Of course even the clearest intention will not always find itself communicated properly, which is why the Char.IsSurrogate method will have text like "Indicates whether a Unicode character is categorized as a surrogate character" or when the Windows CE docs say "For sorting, all surrogate pairs are treated as two Unicode code points. Surrogates are sorted after other Unicode code points, but before the PUA (private user area). Sorting for a standalone surrogate character (that is, either the high or low character is missing) is not supported.". I do mind the not-entirely-accurate statement about the collation, but I will talk about that another day!

I do not mind the surrogate character usage like that in the previous paragraph so much, as it is a more benign error -- when people say surrogate character in this context, they mean to say surrogate code point.
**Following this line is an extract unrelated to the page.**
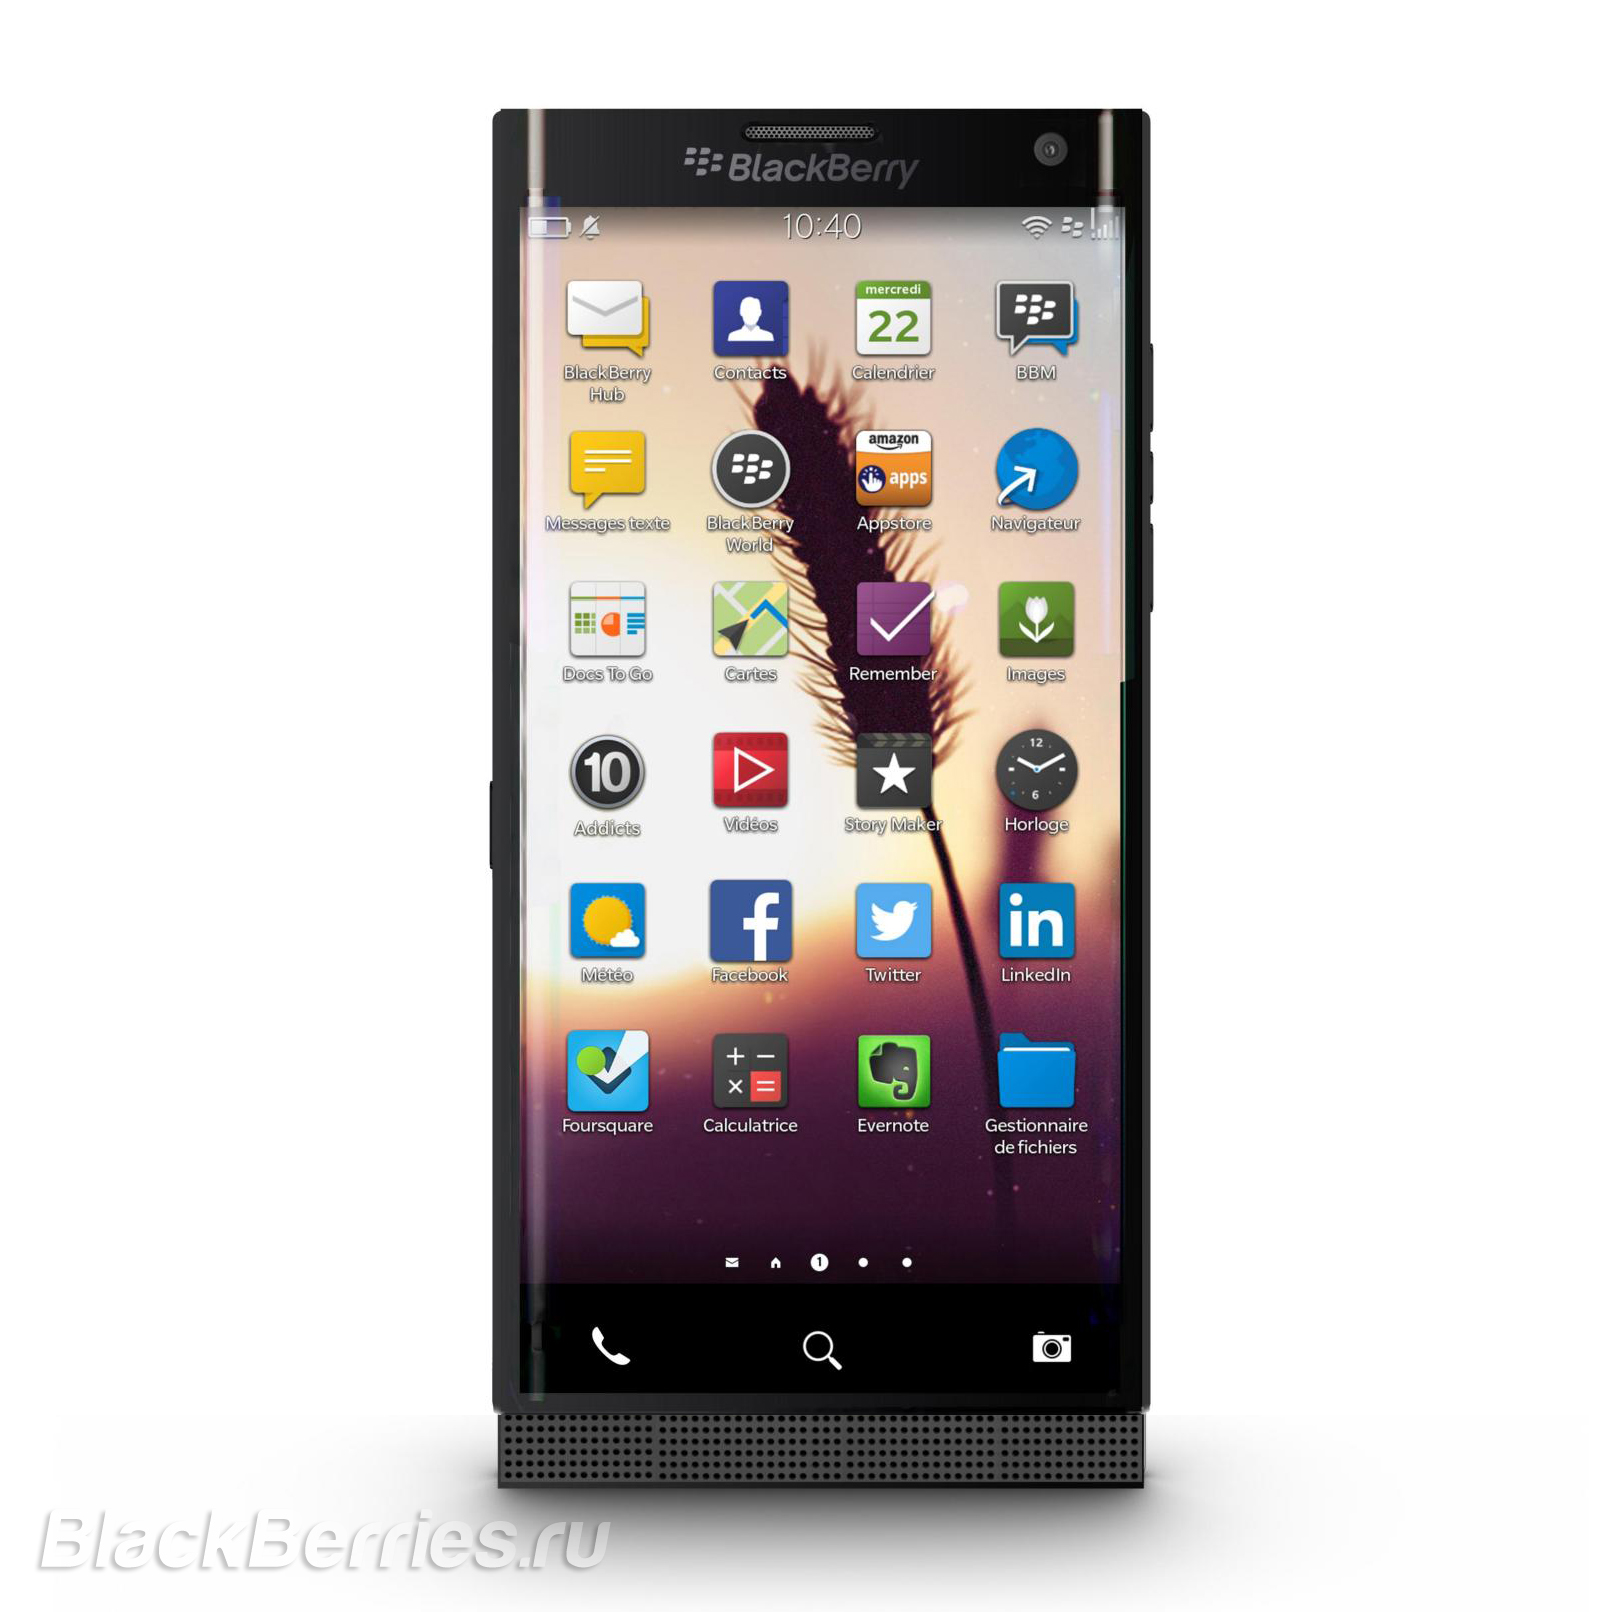 BlackBerry_venice-1
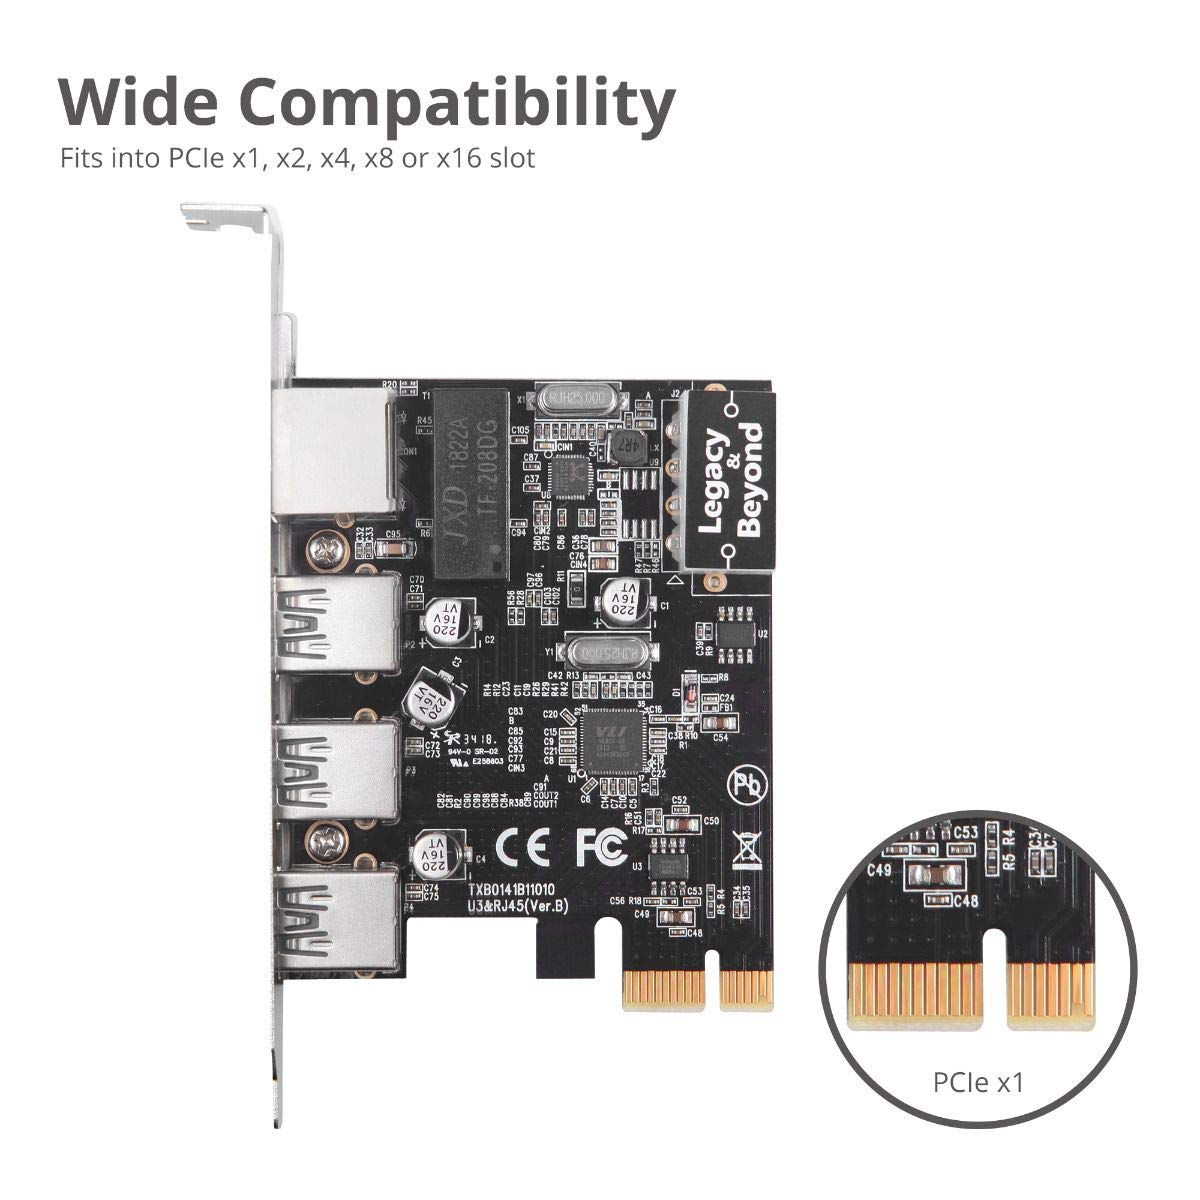 SIIG 3 Port PCI Express USB 3.0 Adapt Card + Gigabit Ethernet LAN - Standard & Low - Profile Windows Server,7,8,8.1,10 PCsPCs (LB-US0614-S1)

Harmless error and it even shows up as a NULL glyph as if it were a character of some sort, and we can just the documentationl language at some point (hopefully soon, but I will not lose sleep if they do not).

The real problem case is when they try to equate the term surrogate character with the term surrogate pair. If they compound it by the naming the method that way, like the XmlWriter.WriteSurrogateCharEntity method, which in addition the evil method name, say things like:

When overridden in a derived class, generates and writes the surrogate character entity for the surrogate character pair.

This is a bit harder to fix (not the doc. portion, but the method name, which obviously cannot be removed.

But we'll figure something out. Eventually.

Until then, please remember what the title of this post is telling you -- there is no such thing as a surrogate character!

 

This post brought to you by U+D800, the first surrogate code point -- not a surrogate character!
(This code point has come to terms with his lack of character-ness, but has mentioned that the fact that no one else has may put him into therapy)


# Michael on 29 Jul 2005 3:43 AM:

The evil like Char.IsSurrogate comes from the fact that Char managed type, as well as wchar_t (under Windows) really represent just two bytes in Utf16 encoding, not the Unicode character. I always mentally translate it, and then Utf16CodePoint.IsSurrogate does makes sense :)

# Michael S. Kaplan on 29 Jul 2005 11:13 AM:

Well, that is the slightly more benign use (IMHO) -- both types are defined for MS platforms as using UTF-16, an it is just asking if the thing in the Char or WCHAR is a surrogate....

# Ben Bryant on 29 Jul 2005 11:37 AM:

Well put. I'll try to always keep this in mind. But looking at XmlWriter WriteSurrogateCharEntity it seems to be named to be consistent with WriteCharEntity which I think is actually incorrect in the first place -- it is a "Numeric Character Reference", not an "Entity Reference" and certainly leaving off the term "Reference" or at least "Ref" is bad usage; it should be WriteCharRef and WriteSupplementaryCharRef for use with UTF-16. They also have WriteEntityRef which is actually an "Entity Reference," so they apparently thought leaving the "Ref" part off would make it a Numeric Character Reference! This whole API shows a real confusion in terms, in particular a craziness around the term "Entity." Dare Obasanjo oversaw this right? He should explain it. But coming back to your point, the Char in the method name may be intending to refer to the output (which is actually a supplementary character) and not the surrogate pair that is input judging from the correlation with WriteCharEntity.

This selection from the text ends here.